YOUR INSTRUCTIONS: Copy out the data below, all of it, exactly.

DATA EXTRACTS:
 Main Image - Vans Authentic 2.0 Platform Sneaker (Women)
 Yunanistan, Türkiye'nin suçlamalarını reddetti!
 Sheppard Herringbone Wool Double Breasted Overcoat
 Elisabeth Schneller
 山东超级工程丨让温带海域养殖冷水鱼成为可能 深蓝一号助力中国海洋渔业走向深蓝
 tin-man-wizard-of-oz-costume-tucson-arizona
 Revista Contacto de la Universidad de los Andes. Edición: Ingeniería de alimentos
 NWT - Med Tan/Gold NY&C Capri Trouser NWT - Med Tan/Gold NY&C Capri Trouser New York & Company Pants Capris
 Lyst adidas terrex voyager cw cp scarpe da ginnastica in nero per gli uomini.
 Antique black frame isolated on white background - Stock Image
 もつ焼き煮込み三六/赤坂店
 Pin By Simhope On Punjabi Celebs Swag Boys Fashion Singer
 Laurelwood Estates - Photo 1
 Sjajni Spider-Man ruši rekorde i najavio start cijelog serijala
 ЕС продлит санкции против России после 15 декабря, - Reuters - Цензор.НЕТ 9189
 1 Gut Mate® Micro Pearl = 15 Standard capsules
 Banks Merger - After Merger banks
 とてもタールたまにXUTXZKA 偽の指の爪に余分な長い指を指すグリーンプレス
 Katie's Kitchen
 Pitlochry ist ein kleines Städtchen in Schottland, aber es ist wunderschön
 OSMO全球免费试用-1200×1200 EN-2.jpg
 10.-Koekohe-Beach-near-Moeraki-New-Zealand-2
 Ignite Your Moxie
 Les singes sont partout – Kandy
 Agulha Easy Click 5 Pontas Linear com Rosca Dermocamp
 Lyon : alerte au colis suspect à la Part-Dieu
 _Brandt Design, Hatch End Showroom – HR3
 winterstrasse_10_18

EXERCISE OUTPUT:
 Main Image - Vans Authentic 2.0 Platform Sneaker (Women)
 Yunanistan, Türkiye'nin suçlamalarını reddetti!
 Sheppard Herringbone Wool Double Breasted Overcoat
 Elisabeth Schneller
 山东超级工程丨让温带海域养殖冷水鱼成为可能 深蓝一号助力中国海洋渔业走向深蓝
 tin-man-wizard-of-oz-costume-tucson-arizona
 Revista Contacto de la Universidad de los Andes. Edición: Ingeniería de alimentos
 NWT - Med Tan/Gold NY&C Capri Trouser NWT - Med Tan/Gold NY&C Capri Trouser New York & Company Pants Capris
 Lyst adidas terrex voyager cw cp scarpe da ginnastica in nero per gli uomini.
 Antique black frame isolated on white background - Stock Image
 もつ焼き煮込み三六/赤坂店
 Pin By Simhope On Punjabi Celebs Swag Boys Fashion Singer
 Laurelwood Estates - Photo 1
 Sjajni Spider-Man ruši rekorde i najavio start cijelog serijala
 ЕС продлит санкции против России после 15 декабря, - Reuters - Цензор.НЕТ 9189
 1 Gut Mate® Micro Pearl = 15 Standard capsules
 Banks Merger - After Merger banks
 とてもタールたまにXUTXZKA 偽の指の爪に余分な長い指を指すグリーンプレス
 Katie's Kitchen
 Pitlochry ist ein kleines Städtchen in Schottland, aber es ist wunderschön
 OSMO全球免费试用-1200×1200 EN-2.jpg
 10.-Koekohe-Beach-near-Moeraki-New-Zealand-2
 Ignite Your Moxie
 Les singes sont partout – Kandy
 Agulha Easy Click 5 Pontas Linear com Rosca Dermocamp
 Lyon : alerte au colis suspect à la Part-Dieu
 _Brandt Design, Hatch End Showroom – HR3
 winterstrasse_10_18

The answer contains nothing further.